Ah, yes, that makes sense. It’s mathematically equivalent, but perhaps a bit easier for the sampler if i is included as a parameter since it won’t then jump to a different value if the new sample was rejected. You could still use HMC for the remaining continuous parameters by doing something like this:

@model function sample_extra_var()
    i ~ DiscreteUniform(1, length(cs))
    c := cs[i]
    x ~ Normal(c)
end

sample(sample_extra_var(), Gibbs(:i => MH(), :x => HMC(0.1, 20)), 10000)

This seems to get better ess-per-second for x compared to just MH(), at least using the toy model from my previous comment.

And of course you can still track the value of c using :=

pretty sick we can specify different MCMC algos for each variable!

WOW, on my 10D problem, it’s insane how much higher effective sample size NUTS gives than MH (by default, proposing according to the prior). MH is so ineffective compared to NUTS (but so much easier to explain in a paper or presentation).

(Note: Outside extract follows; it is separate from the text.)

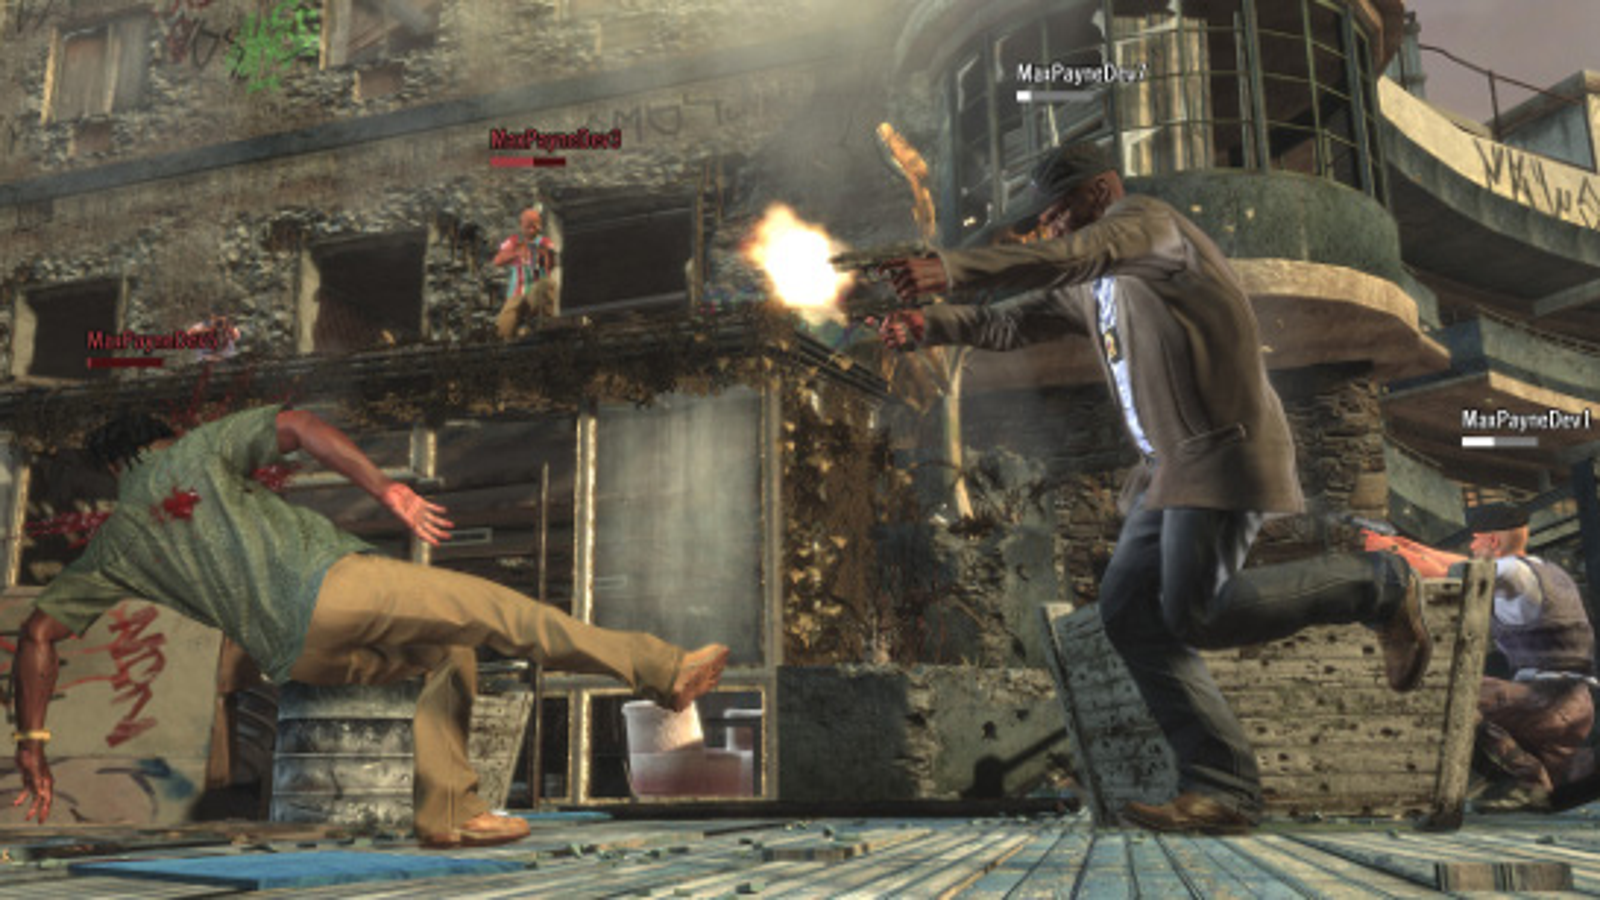 Buy Max Payne 3 - Rockstar Pass PC Steam key! Cheap price

for my inverse problem, based your comment, I figured out I could make the MH much more efficient by tuning the proposal dist’n for each variable. thanks!

	MH(
		:i => DiscreteUniform(1, nrow(train_posterior)),
		:h₀ => AdvancedMH.RandomWalkProposal(Normal(0, 1.0)),
		:t₀ => AdvancedMH.RandomWalkProposal(Normal(0, 0.1))
	)

thank you! will acknowledge you in my paper, “thank you penelopeysm for help with Turing.jl”, if ok with you.

That’s very kind you are welcome to use my full name if you prefer (penelopeysm (Penelope Yong) · GitHub) and do also share the paper once it’s out as we’re very keen to see how Turing is being used out there in the wild!